Abstract: We estimate the development effects of electrification across Brazil over the period 1960-2000. We simulate a time series of hypothetical electricity grids for Brazil for the period 1960-2000 that show how the grid would have evolved had infrastructure investments been made based solely on geography-based cost considerations. Using the model as an instrument, we document large positive effects of electrification on development that are underestimated when one fails to account for endogenous targeting. Broad-based improvement in labor productivity across sectors and regions rather than general equilibrium re-sorting appears to be the likely mechanism by which these development gains are realized.

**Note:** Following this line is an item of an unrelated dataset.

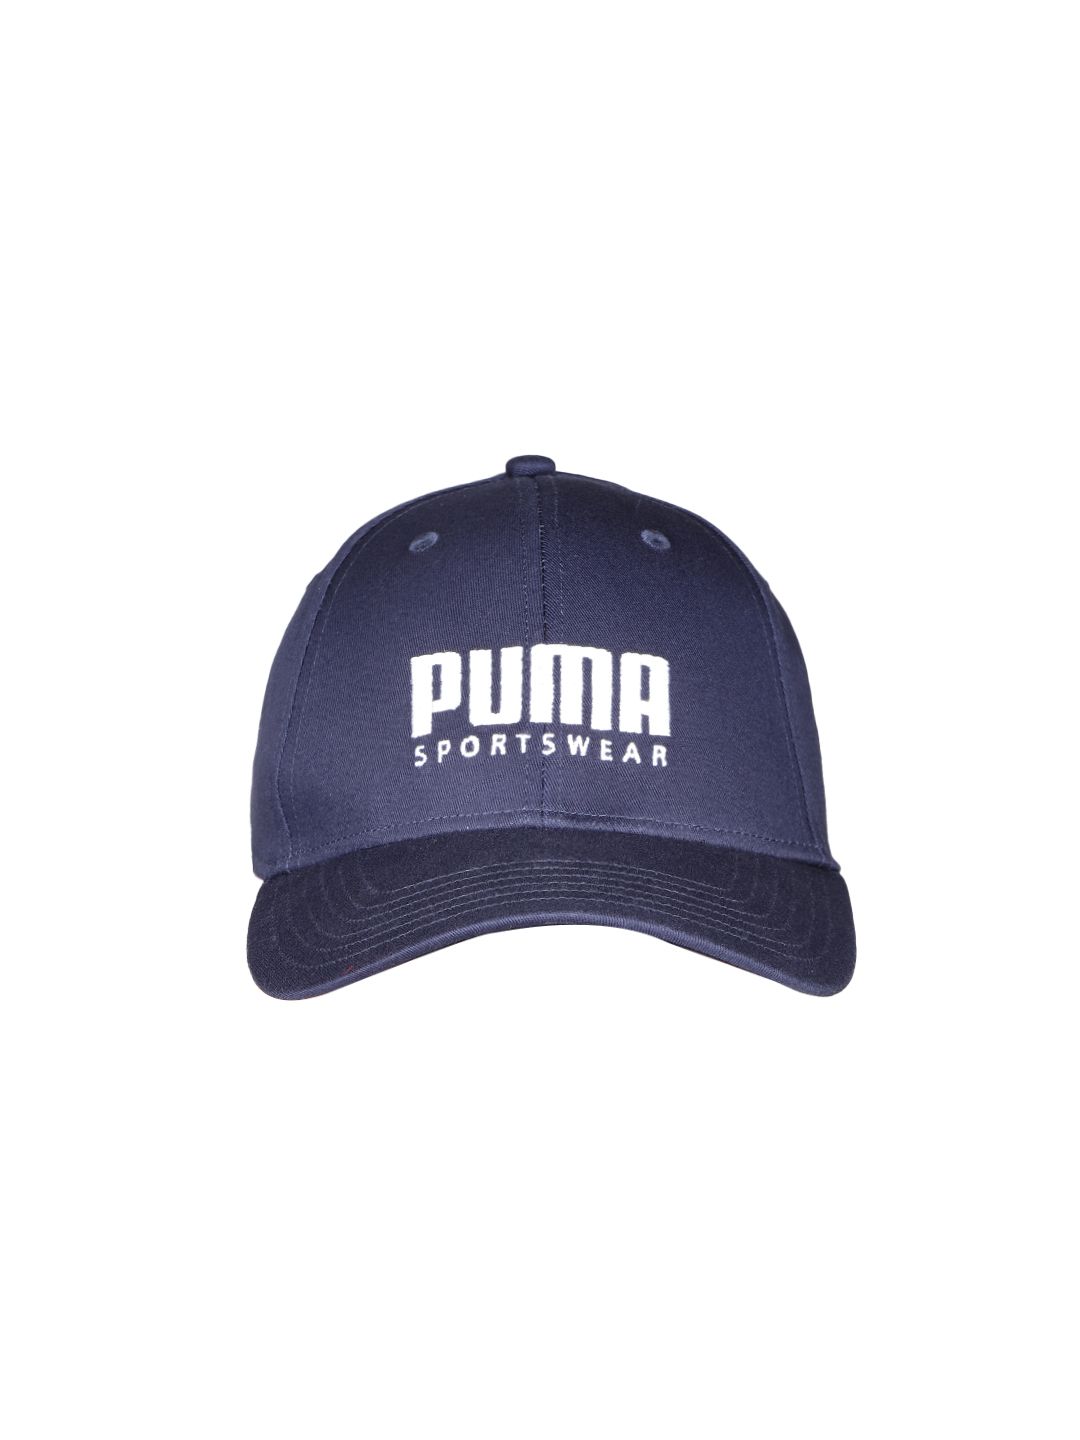 Puma Unisex Navy Blue Printed Baseball Cap Price in India

J. Assunção, M. Lipscomb, A. M. Mobarak, D. Szerman. “Electrification, Agricultural Productivity and Deforestation in Brazil,” Working Paper

Abstract: We study the effects of the impressive growth in electrification in Brazil between 1960 and 2000 on changes in the structure of rural agricultural production, including adoption of irrigation, increases in agricultural productivity and investments, changes in land use, and the allocation of effort between crop cultivation and cattle grazing. The instrumental variables based identification strategy simulates a time series of hypothetical electricity grids that show how the grid would have evolved had hydro-power dams (which require intercepting water at high velocity) been allocated solely on geography-based cost considerations. Electrification allows farmers to irrigate, which leads to higher productivity, especially in areas with volatile rainfall patterns. Farming expands into frontier lands, and cultivation intensifies in existing land through investments in mechanization, fertilizer and pesticides. Crop intensification and substitution away from land-intensive cattle grazing lead to greater protection of forests and native vegetation within farms. Expansion of agriculture and this substitution have opposing effects on forest protection, and overall we estimate a net decrease in deforestation associated with electrification.